19. It next becomes necessary to consider how this state of affairs affected the position of the appellant. In his lease the lessors purported to act as trustees of the temple and there is nothing from first to last of the material available for their Lordships' examination to suggest that he knew or ought to have known, then or at any time, that those he dealt with were not all de jure trustees. Nor can it be suggested that the transaction was out of the ordinary course of the management of the estate or such as to put one taking land from the acting trustees on special enquiry as to their right and title to act. In these circumstances their Lordships think the appellant is justified in the contention that, by their conduct, the de jure trustees and the Board clothed his lessors with sufficient authority to lease as they did and to collect the rent thereafter while the same state of affairs prevailed. From this conclusion it follows, in the opinion of their Lordships, that the appellant did not lack a land-holder to whom he was bound to pay rent. This suffices to dispose of the main question but two observations may perhaps be added. In the first place, it having been proved that the lease was granted by lessors acting ostensibly on behalf of the temple and in fact holding the office of trustees the onus was, in the circumstances, upon the plaintiffs to prove affirmatively, if they might, that the lease was unauthorised. And secondly, as against the appellant it was not, on the facts of the case, for the plaintiffs as nominees of the Board to repudiate an act of management to which the Board must be held to have consented.

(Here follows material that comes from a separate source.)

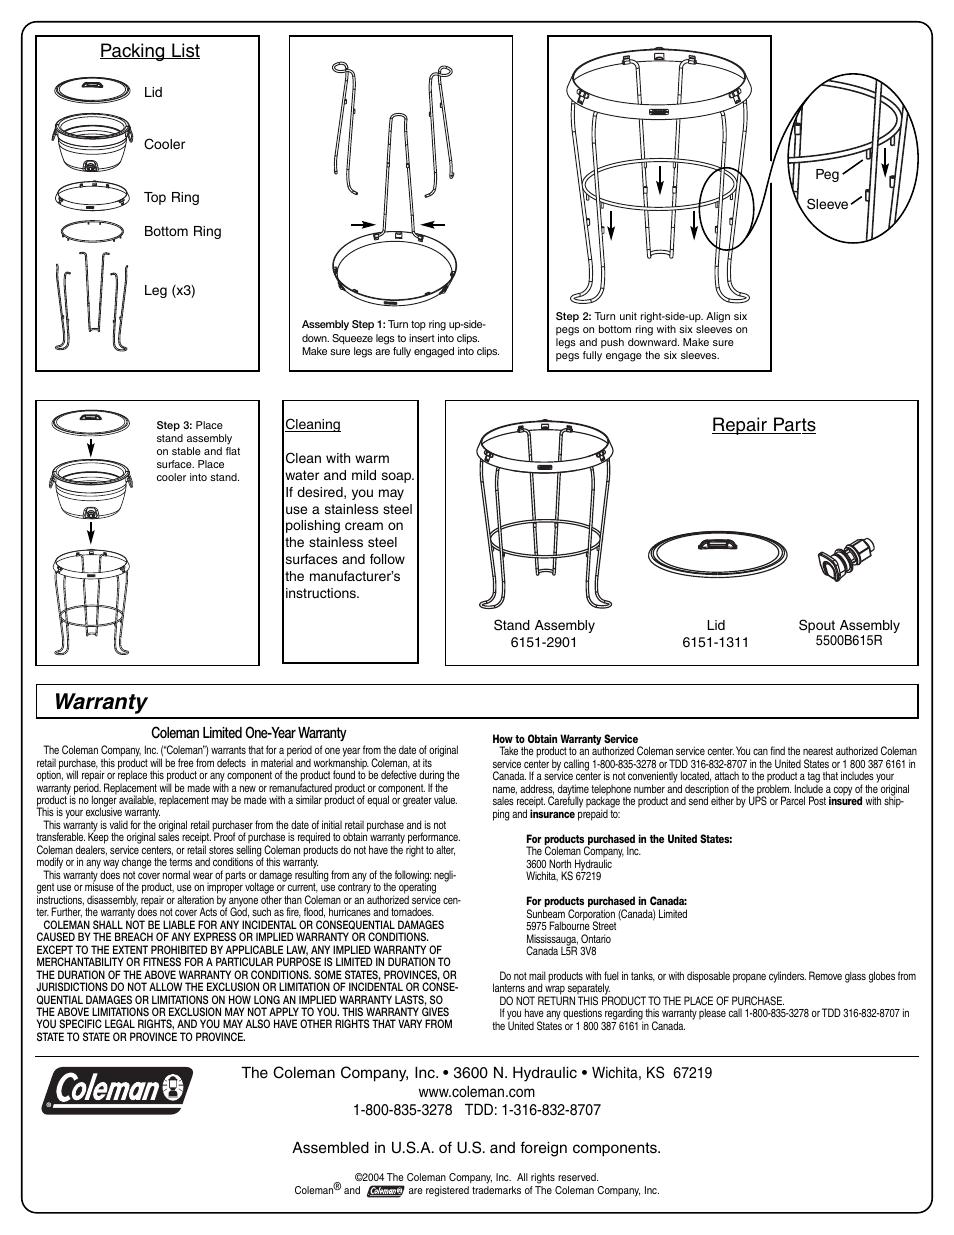 Warranty  Packing List  Repair Parts
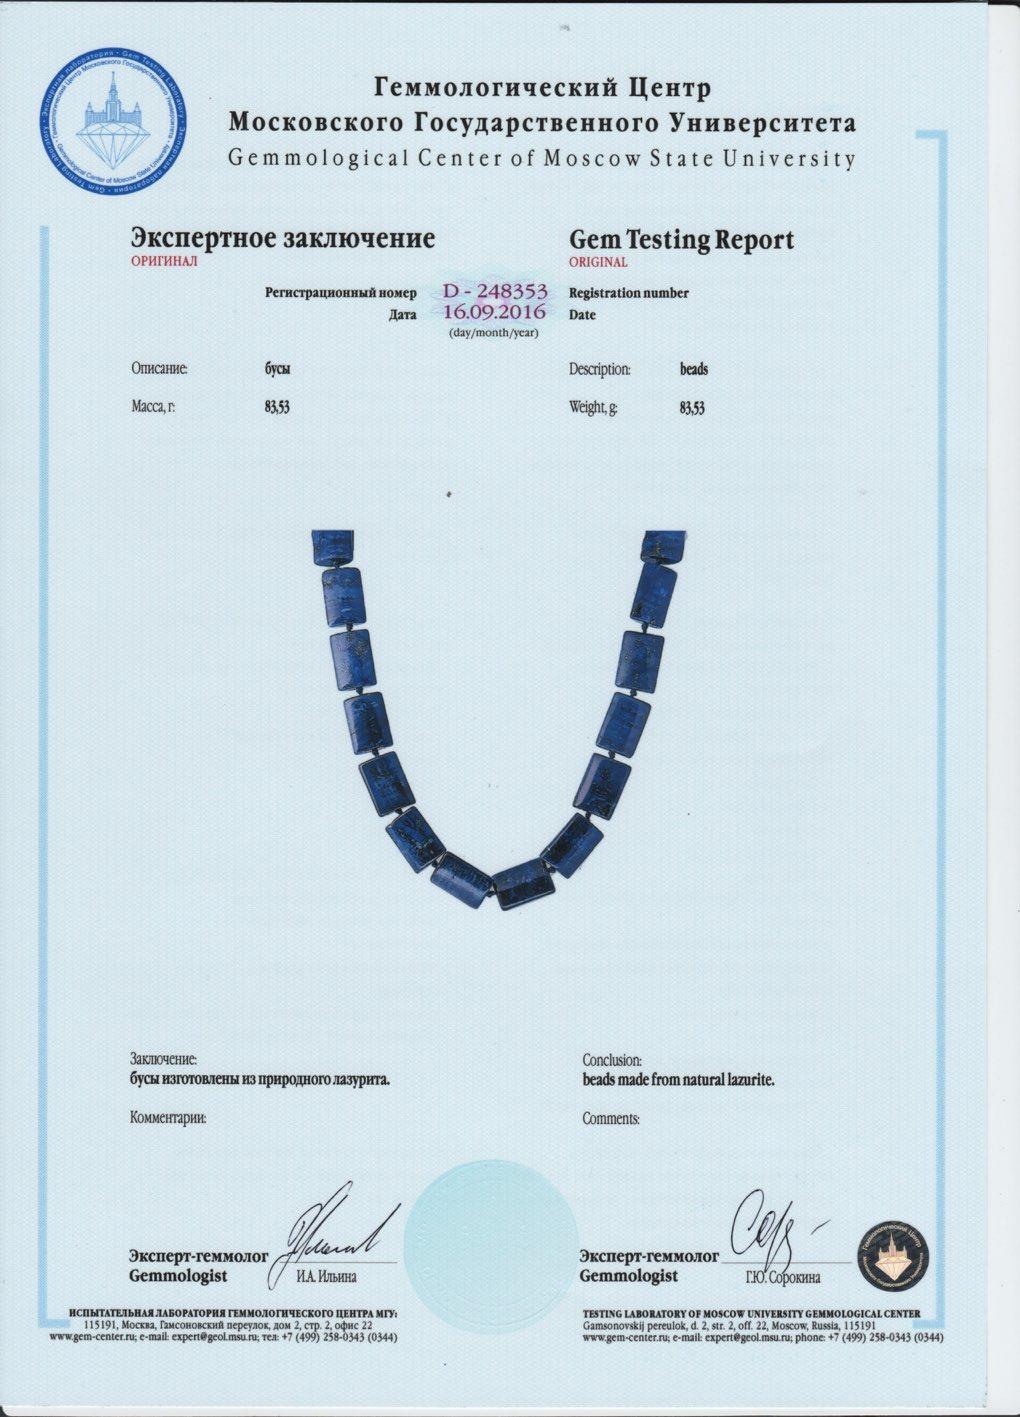 https://mineralmarket.ru/img/certificate/64/1485964185.jpeg

20. The additional question referred to above involves a state of fact. On that account and as it was not taken in the Courts in India it would be contrary to the practice of their Lordship's Board to entertain it unless the relevant facts could fairly be regarded as beyond all controversy. For the appellant it was contended that this condition was satisfied as the appellant's right to hold for the term of the lease appeared from the plaintiff's letter of 12th January 1938, and was admitted in the plaint. Their Lordships think there is much to be said for this and for the submission based on the material referred to. As, however, they have already reached a conclusion in the appellant's favour on the main question they are not disposed to embrace the additional question or express any final view upon it.
21. For the reasons mentioned, their Lordships will humbly advise His Majesty that the appeal be allowed, the decrees of the District and High Courts reversed and that of the Subordinate Judge restored. The respondents must pay the appellant's costs of this appeal and in the District and High Courts in India.